次に、この法人が20億円を借入れるとします。借入以外何も起こらなかったと仮定すると、総資産は81億円です。この20億円も81億円✕1%=0.81億円を超えていますから多額の借財です。これで総資産は101億円となります。
さらに、この法人が1億円を借り入れようとします。そうなると、総資産が101億円ですから101億円✕1%=1.01億円となります。となると、この1億円は多額の借財ではなくなってしまいます。
以上は、極端に単純な仮定を設けた例ですが、このように借入が増えているにも関わらず、借入金の総資産に締める割合が相対的に下がってしまうと、理事会決議が不要ということにもなってしまう恐れはあります。
そこで、これを防ぐためには、例えば、純資産の額に対する割合で基準を決定するというのも一つの手段です。純資産の額はそれほど大きく変動はしないからです。

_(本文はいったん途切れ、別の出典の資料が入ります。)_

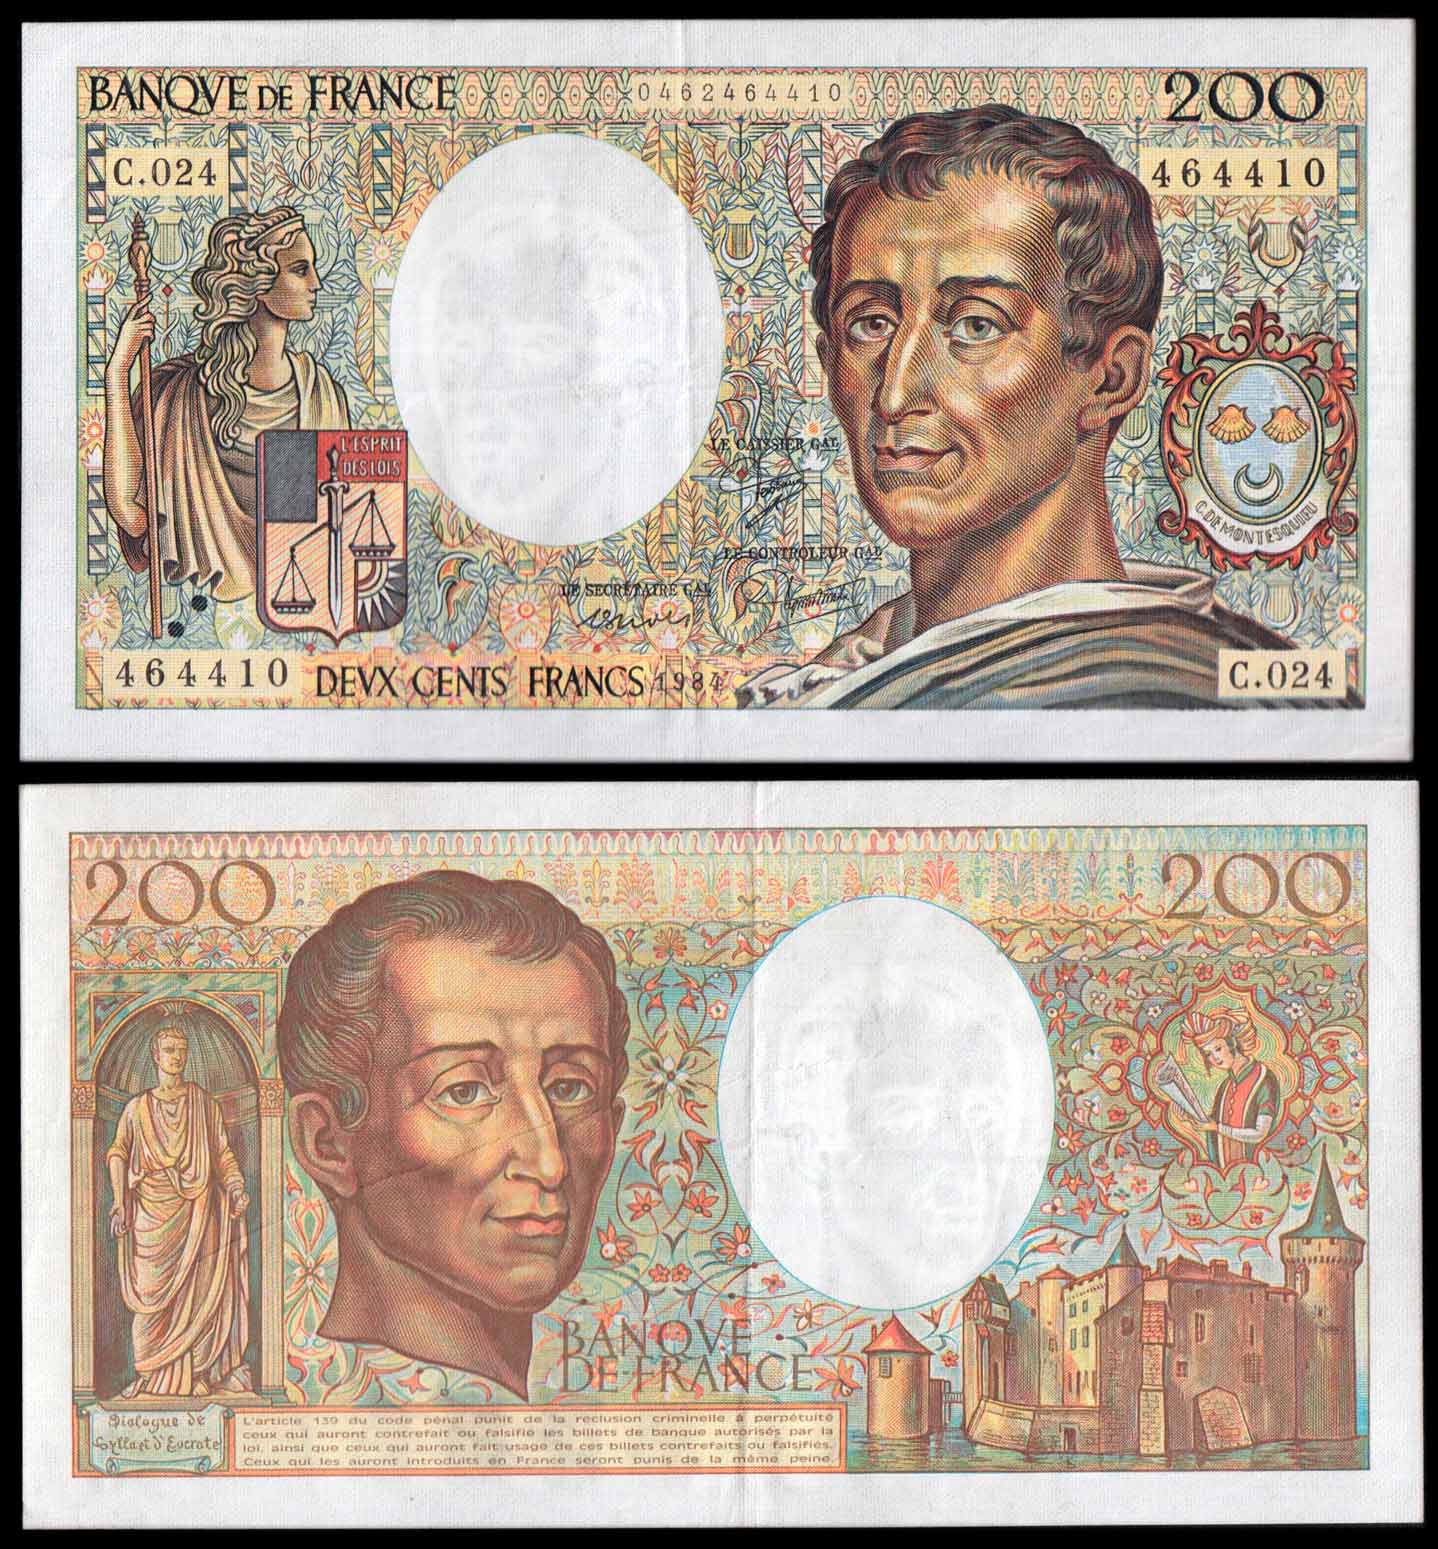 FRANCIA 200 Franchi Barone di Montesquieu 1984 Superba

もちろん、その他の指標でも問題はないですし、東京地裁の判決にあるように、借入の目的なども総合的に考慮していくことが重要です。
そして、このようにして策定した判断基準は理事会運営規程などに明記しておく必要があります。
5.理事会決議のタイミング
最後に、多額の借財の決定を行う理事会のタイミングですが、借入を行うごとに理事会を開催すると、機動性に欠けてしまい、法人の運営に支障が出ます。そこで、3月決算の法人であれば、3月あたりの次年度予算を決議する理事会で、次年度の借入計画を示し、そこで決議を行えばよいと思います。そうすれば、1回の理事会ですむからです。
当然のことながら、いきあたりばったりの借入ではなく、年間予算をしっかりと立てて計画的に借入と返済を行っていくことが必要です。